Da es in der riesigen Metropole kaum abkühlt, ist die Nacht nicht sehr erholsam. Das extrem stark gechlorte Wasser, das am Morgen lauwarm aus den Hähnen dümpelt, schafft es auch nicht, meine Lebensgeister zu wecken.
Zuerst steht die Besichtigung der Akropolis auf dem Programm. In der Morgenluft gefällt mir die Stadt schon besser als am Vortag. Die Temperatur steigt aber so schnell an, dass wir bereits beim Aufstieg auf den Felshügel der Stadtburg zu schwitzen beginnen. Trotz der auf dem schattenlosen Plateau gnadenlos brennenden Vormittagssonne ist der Besuch der Akropolis lohnenswert, ein Eindruck, den ich mit einer Unzahl von Touristen hier oben teile. Vor allem das gigantische, alles beherrschende Parthenon und der elegante Tempel der Athenae Nike tun es mir an. Auch die Aussicht über die Stadt, die sich nach Norden und Süden bis zum Horizont erstreckt, lässt mich nicht kalt.
Nach der Besichtigung und einer kleinen Erholungspause am Fuße des Hügels folgt ein Stadtrundgang mit einigen obligatorischen und manch unerwarteten Sehenswürdigkeiten. Besonders fasziniert hat mich das Zeremoniell der traditionellen Wachablösung der Evzonen vor dem Parlament.
Athen ist chaotisch, laut, heiß und stickig und der Rundgang in der Hitze schlaucht uns alle. Als wir schließlich auf dem Weg zum Bahnhof unser Reiseproviant einkaufen wollen, wird uns plötzlich bitter bewusst, dass der 15. August ist: Maria Himmelfahrt. In Griechenland ist heute einer der höchsten Feiertage des Jahres, und selbst in einer Weltstadt wie Athen sind alle Geschäfte und Märkte geschlossen. Nur die Kioske haben offen, doch leider ist dort die Auswahl an Lebensmitteln, die als Proviant für eine zweitägige Zugfahrt geeignet wären, sehr begrenzt. In unserer Not decken wir uns vor allem mit diversem Gebäck und Keksen sowie Wasser ein.

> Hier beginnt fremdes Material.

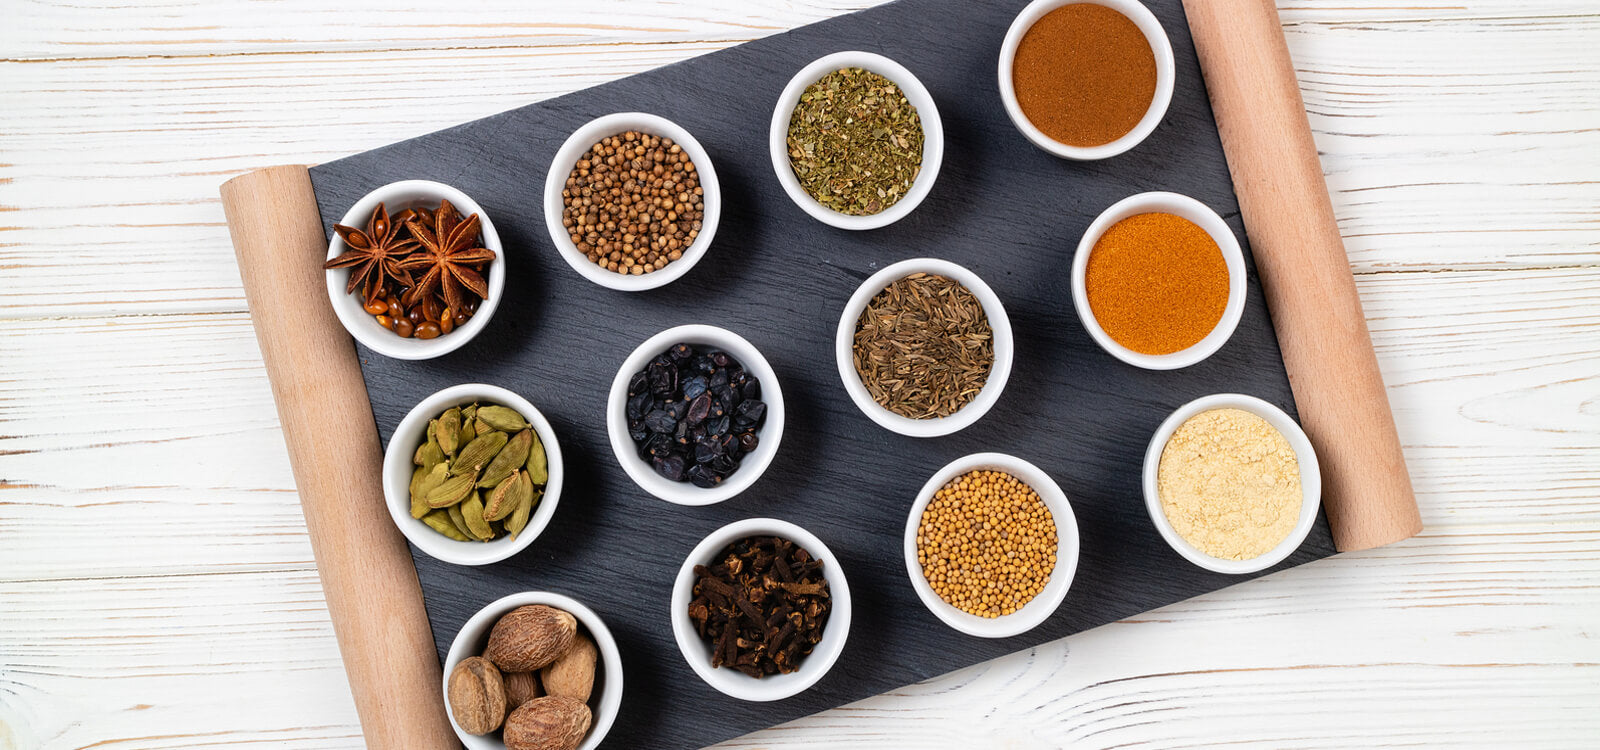 various spices as ayurvedic medicine for digestion
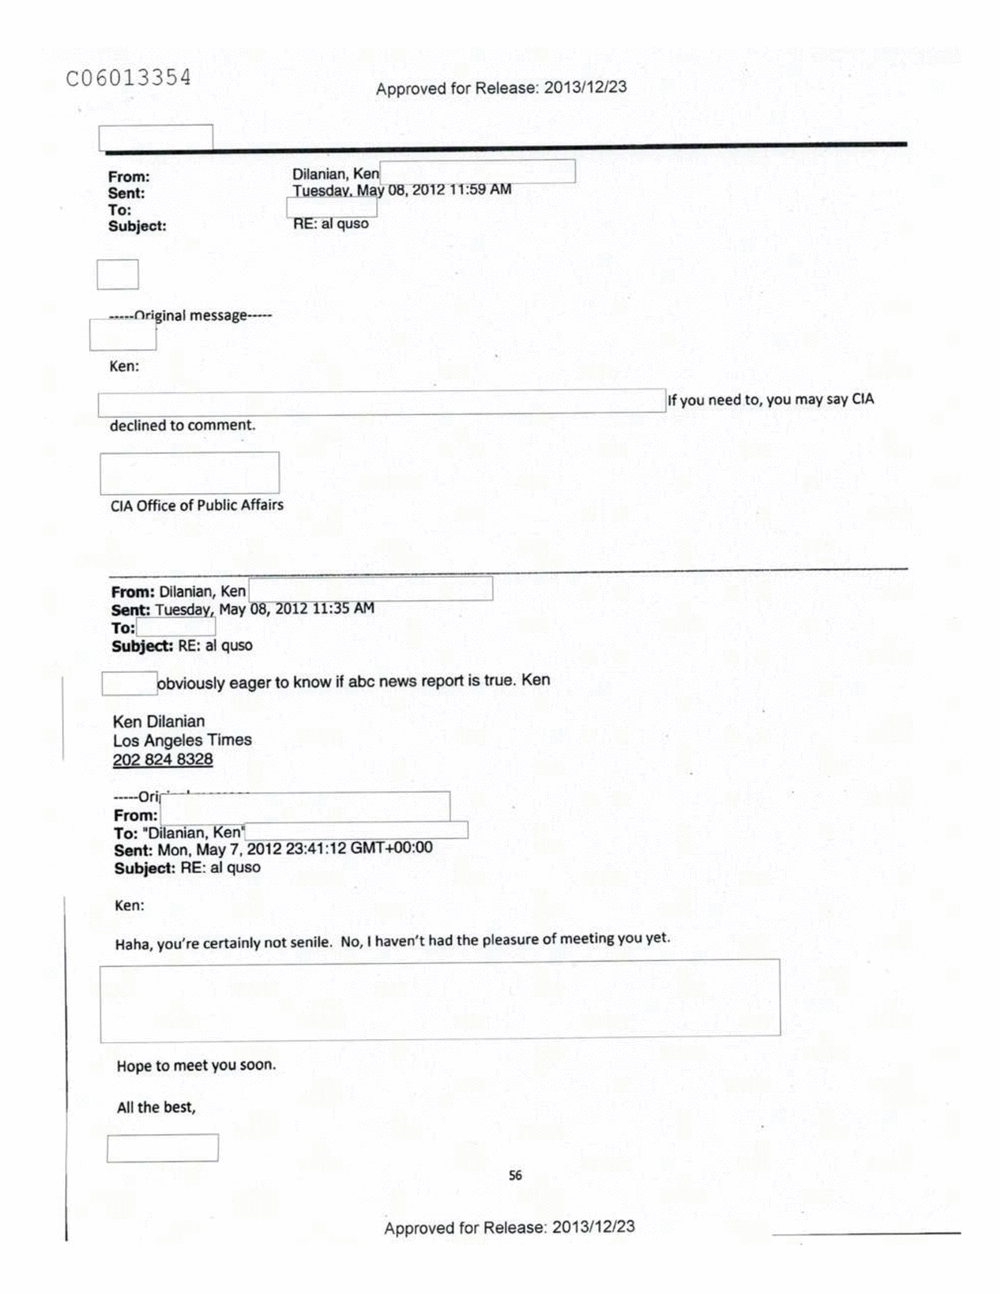 Page 270 from Email Correspondence Between Reporters and CIA Flacks

Der letzte Sonnenuntergang in Griechenland ist ein würdiger Abschied: Die gesamte thessalische Ebene ist in ein feuerrotes Licht getaucht: Wunderschön! Im holzvertäfelten Speisewagen - vermutlich ein Relikt aus der glorreichen Zeit des Orient-Express - erleben wir auf schockierende Weise den unverkrampften Umgang des einfachen Griechen mit dem Thema Umweltsch(m)utz: Mülleimer sind in den Wagen nicht vorhanden, die leeren Getränkedosen werden durch die offenen Fenster einfach in die Landschaft entsorgt. Wohlgemerkt: Nicht von uns, sondern vom offiziellen Zugpersonal!